Ok guys...it's Xmas...but keep this in mind!!

Some tanks....many more of later designs have the obvious "V" tank shape for drainage....
Many do not have this feature tho..
It is not on every tanker...across the board ..

So ... which tanker have you chosen to model here..as a prototype. . Burl??
That would be what's important.... I do see many of this type...but it is only one of many tanker concepts running on rails!!

M.C.


----------



## Scott (Jan 29, 2008)

That's the beauty of this site, people will contribute handy feedback to make modelling better. With so much equipment and the endless variations on prototypes. Someone somewhere will have a plan or pic that you yourself won't know or doesn't have.


----------



## Burl (Jan 2, 2008)

I didn't think about it, but I guess you can't tell from the link to the prototype photo its a corn syrup tanker. Here's my own photo:










I photographed this car in Cookeville, TN around 2004. I assume it was high-fructose corn syrup for Russell Stovers. That plant closed a couple years later & I haven't seen any more of these down this way.


----------



## SD90WLMT (Feb 16, 2010)

Your posted pix both appear to be shallow "V" versions Burl..

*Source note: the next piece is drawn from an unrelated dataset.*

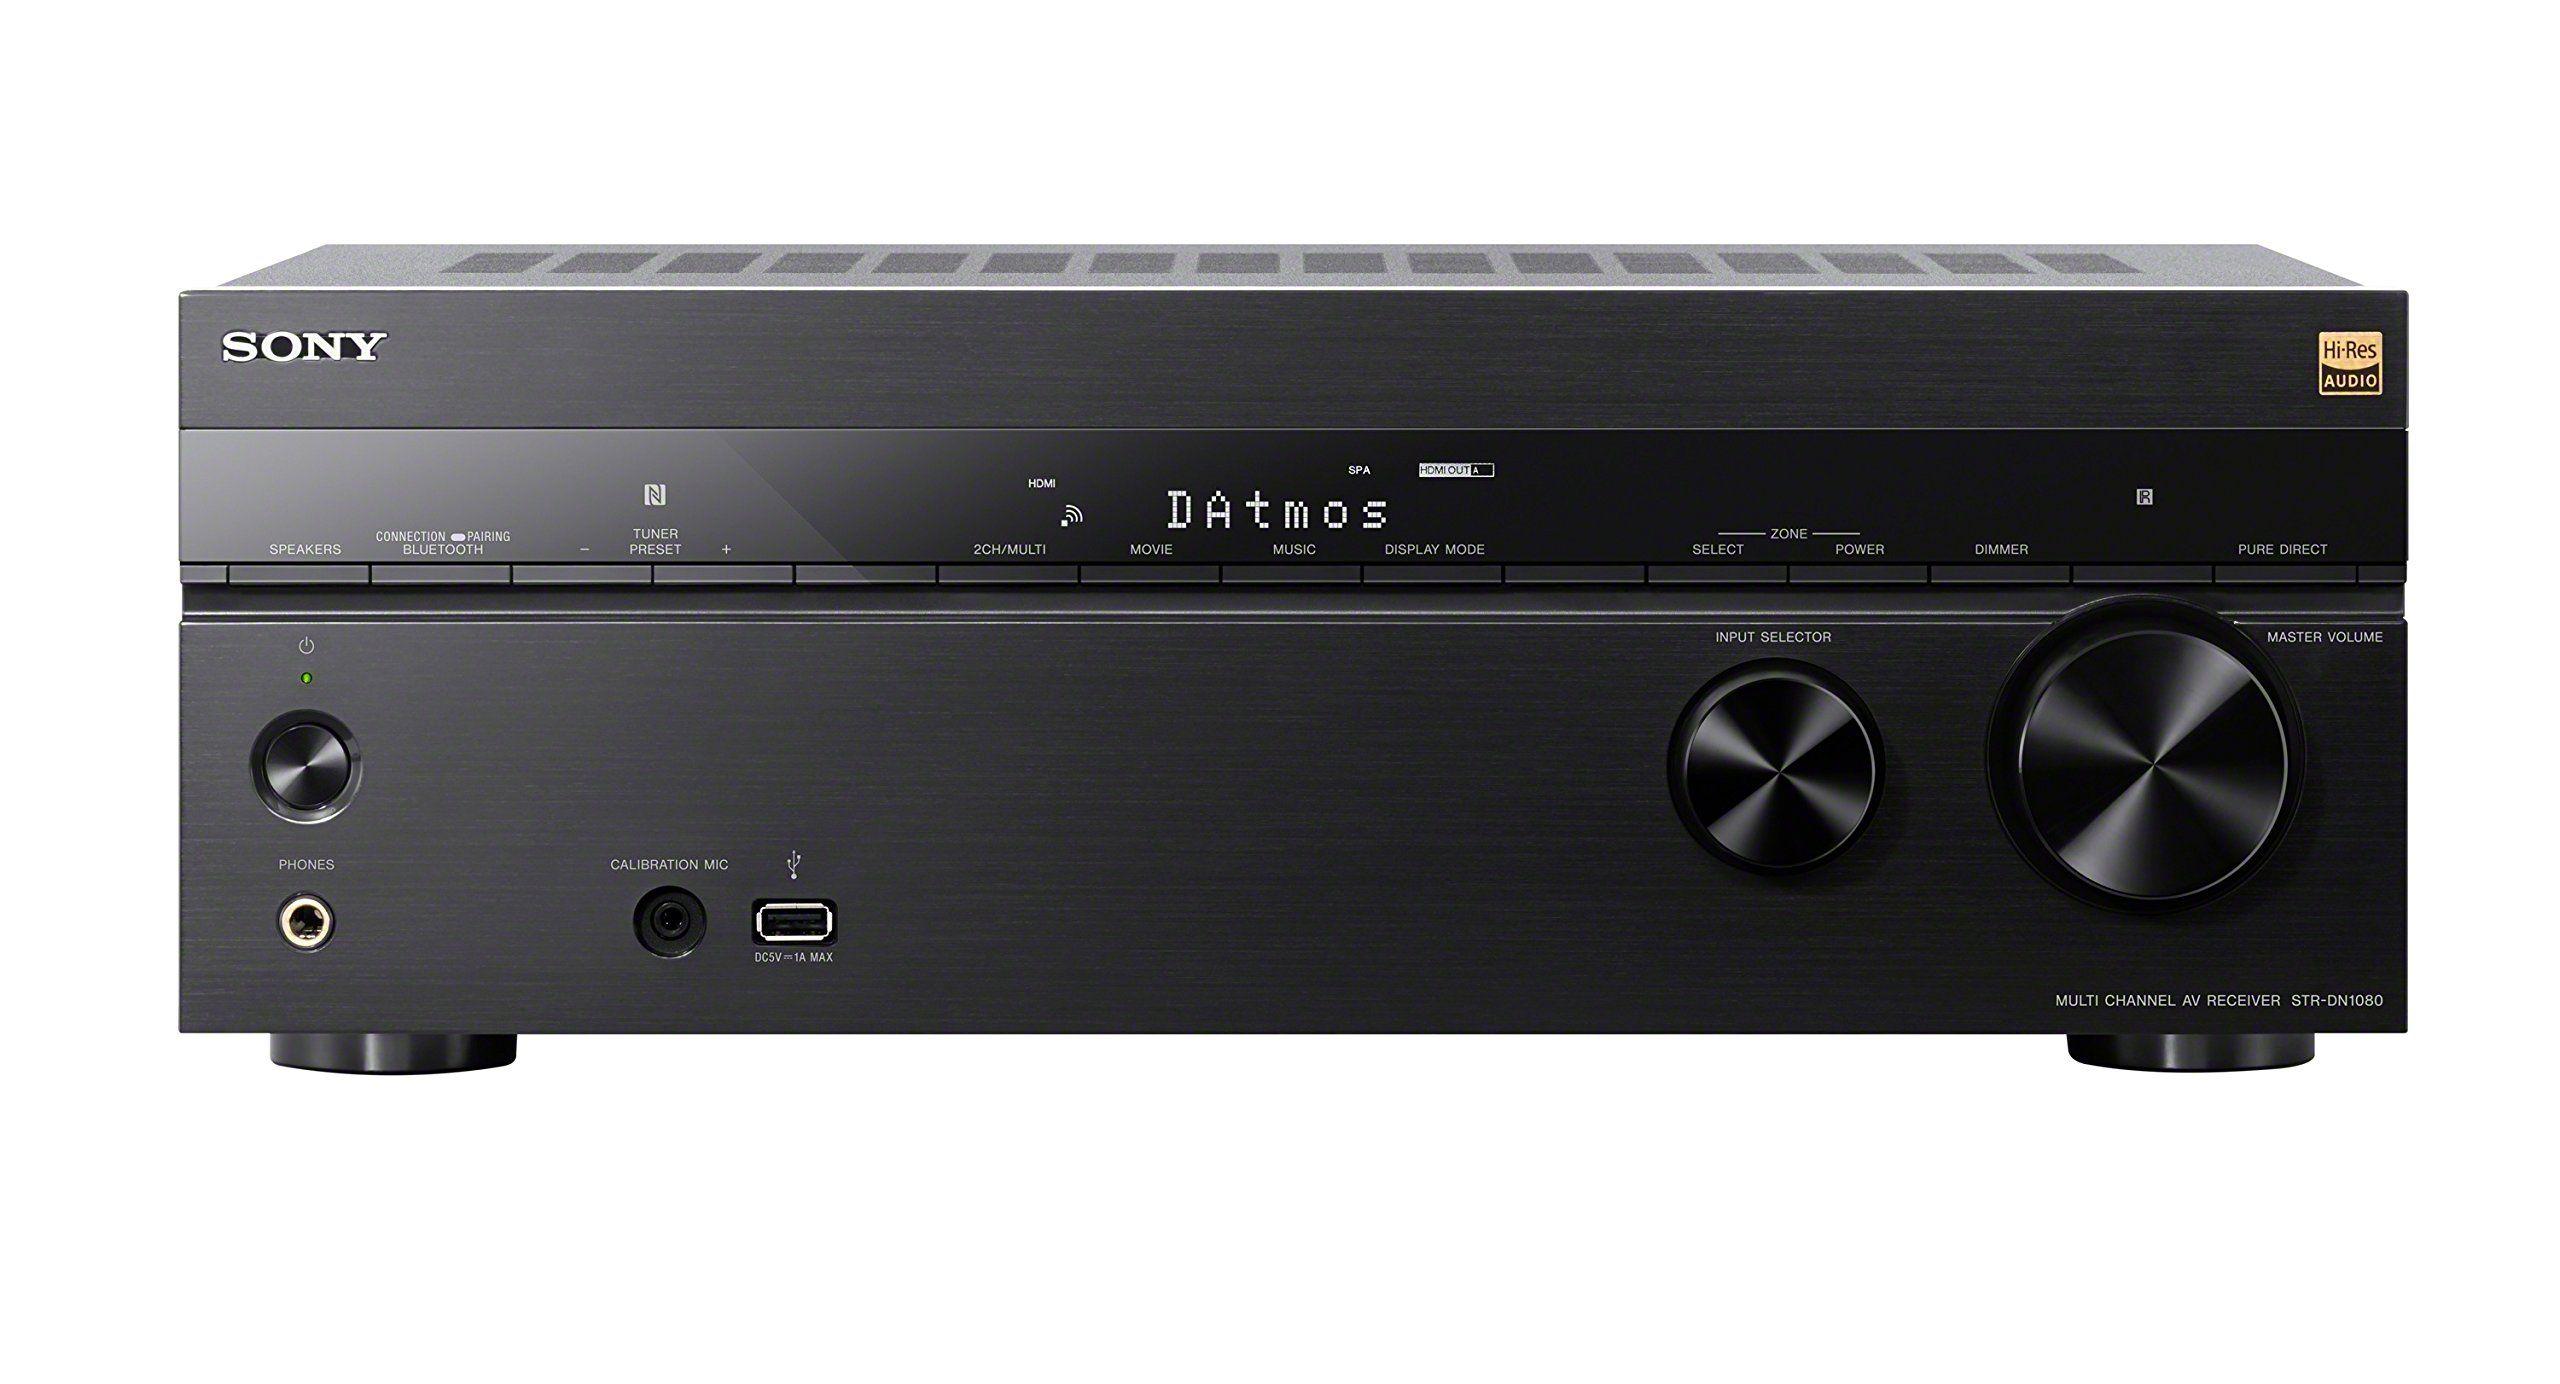 Sony STRDN1080 7.2 Channel Dolby Atmos Home Theater AV Receiver ...

Actually I missed your link...thank you!!

They don't look terribly long either...

Dirk


----------



## Burl (Jan 2, 2008)

I think I have all the parts drawn now. Here's what will be printed in acrylic & used for RTV molds:










These parts will be printed in nylon:






























I debated on doing these in acrylic, but since they won't be visible in the final pattern I decided to have them also printed in nylon. Its hard to see in the rendering, but the top face has a slight tilt. They will join back to back, and plug into a 4" OD tube (from Plastruct). This will give me the V shape in the main tank body. I figured this would be less error prone than trying to set the miter saw to 1.something degrees.


----------



## Scott (Jan 29, 2008)

Your 3d print set up looks pretty good. Hope it all works out well from Shapeways.


----------



## armorsmith (Jun 1, 2008)

Burl,
I would say that the 'cant' Jonesy refers to is not a 'feature' included by the manufacturer. I would suggest that this is a natural deformation induced during use and operation. Although entirely possible to replicate this in model form, the result may not be worth the effort to accomplish it. I have no doubt in my mind that the Trinity engineers have accounted for this in their engineering of the car and subsequent FEA.
Good luck with the car, although not a modern standard gauge modeler, I am always interested in techniques.
Bob c.


----------



## Burl (Jan 2, 2008)

Right after I posted that, it occurred to me printing two rings and gluing them together was an unnecessary step. So I will have this printed instead:










Bob: I'm agreeing with Jonesy on this one. Other drawings of similarly sized tank cars show the same V shape. It would make sense for corn syrup to have such a design. Also, since the car I photographed was on its way back from Russell Stovers', I think its safe to assume it was empty. You can draw some reference lines with your favorite photo editing software and see there's clearly a V in the prototype's body.


----------



## SD90WLMT (Feb 16, 2010)

Clearly - deforming - is not brought on by use..

If this was trully happening..there would be many leaking and broken tankers across the country!!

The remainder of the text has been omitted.